Out of memory // for loops forward function

Hi,
I’m implementing a network and im getting out of memory.

I’m testing the net building the model and doing a manual forward pass over a batch to check output dimensions. However this is a “tricky” net which has Temporal pooling and uses several samples for training…

I think the problem comes from Video Analysis network. It’s a ResNet fed with 3 images. The output of these 3 images are concatenated and temporal max pooling applied to feed the next subnet.
The matter is the only way I found to do lot of stuff in pytorch is using for loops inside the forward function.
Since implemented functions expect 4D tensor as input and my data has more dimensions to deal with all the atypical facts of this net. I iterate using for loops and stacking the resultant output to deal with all the dimensions, being possible this way to process the 3 images and concatanate their features.
I suspect that for loops are hugely increasing the memory usage.
Model occupies around 2 Gb. 1 sample (raw data), occupies 4 Mb. Processing a batch of 10 samples uses more than 32 Gb . Totally impossible.

How to fix this or what is the proper way to do it?
Notice I’m not backprop yet, just doing output = model(batch)
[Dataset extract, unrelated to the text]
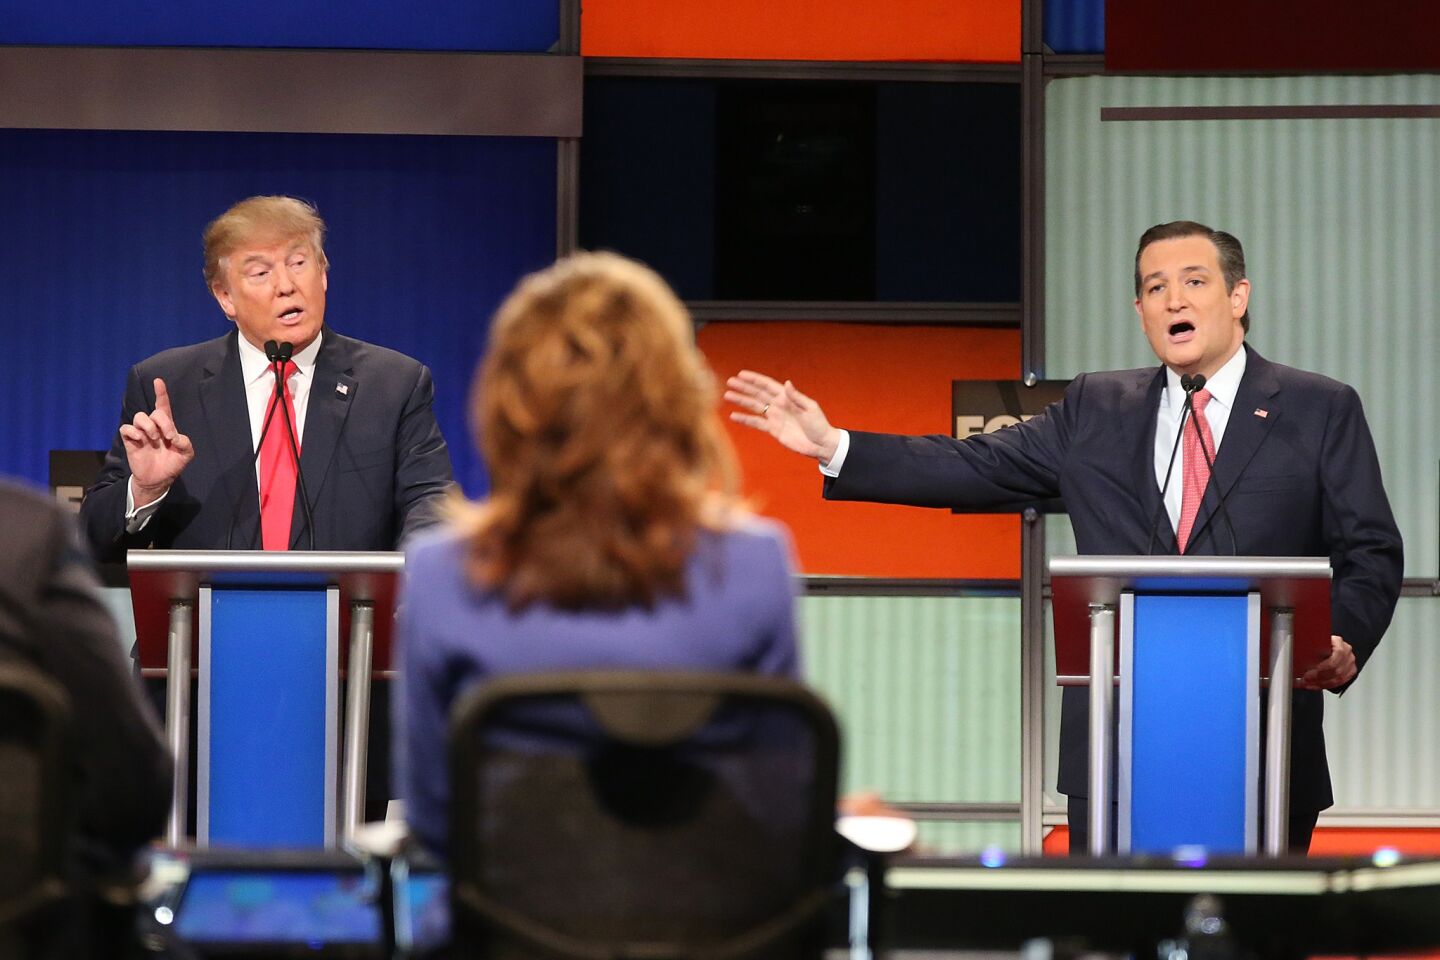 Donald Trump and Ted Cruz spar in the Republican debate.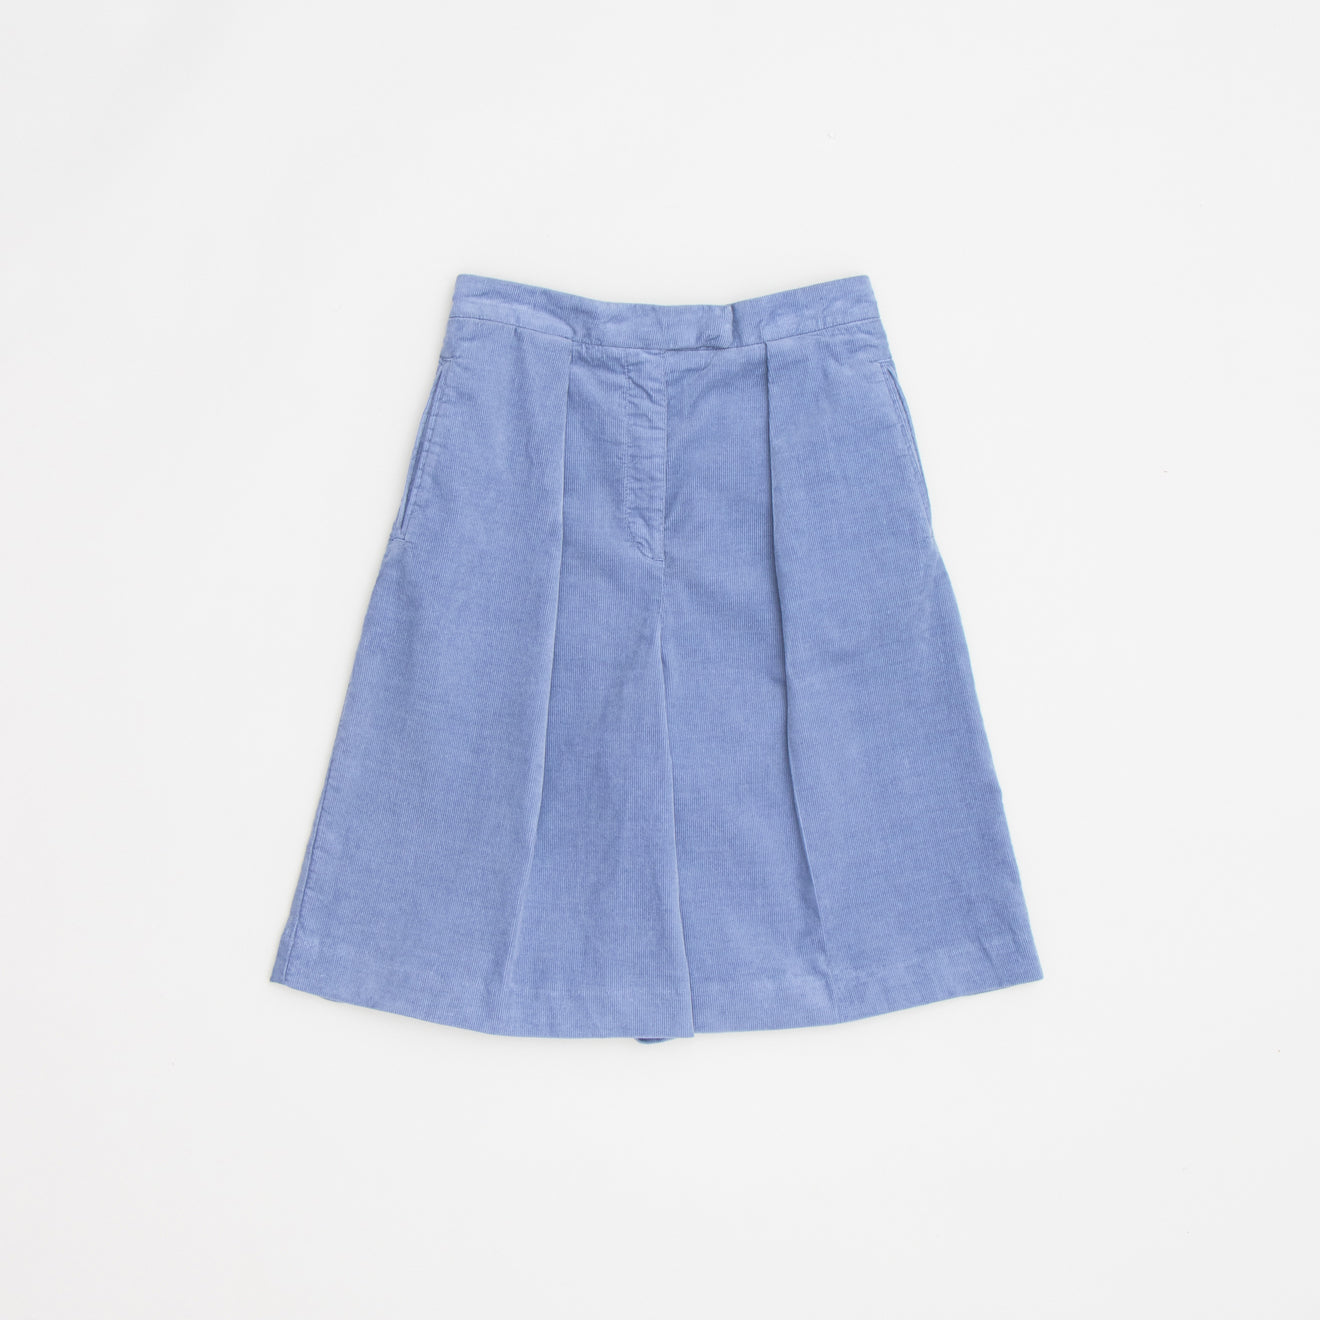 Girls Blue Corduroy Shorts

    def forward(self,visual_input,audio_input):
        """
        VIDEO SUBNET----------------------------------------------------------
        """
        dims = visual_input.size()
        if len(dims) !=6:
            raise ValueError('Visual features have wrong dimension. Required: [batch_size,n_tower,n_images,channels,H,W]')
        self.batch_cat = []
        #dims [batch_size,n_tower,n_images,channels,H,W]
        for i in range(dims[0]):
            self.tower_cat = []
            for j in range(dims[1]):
                self.tower_cat.append(self.drn_model(visual_input[i,j,:,:,:,:]))
            self.batch_cat.append(torch.stack(self.tower_cat))
        ASN_input = torch.stack(self.batch_cat)
        dims = ASN_input.size()
        #dims [batch_size,n_tower,n_images,channels,H,W]
        self.batch_cat = []
        if self.training:
            for i in range(dims[0]):
                self.tower_cat = []
                for j in range(dims[1]):
                    self.tower_cat.append(data.GlobalMaxPooling2d(data.TemporalPooling(ASN_input[i,j,:,:,:,:])))
                self.batch_cat.append(torch.stack(self.tower_cat))
        #dims [batch_size,n_tower,channels,1,1]            
        else:
            for i in range(dims[0]):
                self.tower_cat = []
                for j in range(dims[1]):
                    self.tower_cat.append(data.TemporalPooling(ASN_input[i,j,:,:,:,:]))
                self.batch_cat.append(torch.stack(self.tower_cat))
        #dims [batch_size,n_tower,channels,H,W]
        
        ASN_input = torch.stack(self.batch_cat)    
        """
        AUDIO SUBNET----------------------------------------------------------
        """
        K_spectrograms = self.unet_model(audio_input)
        
        return ASN_input, K_spectrograms
        

hi, have you resolved this problem

I think so hahahah. I was wrongly coding it.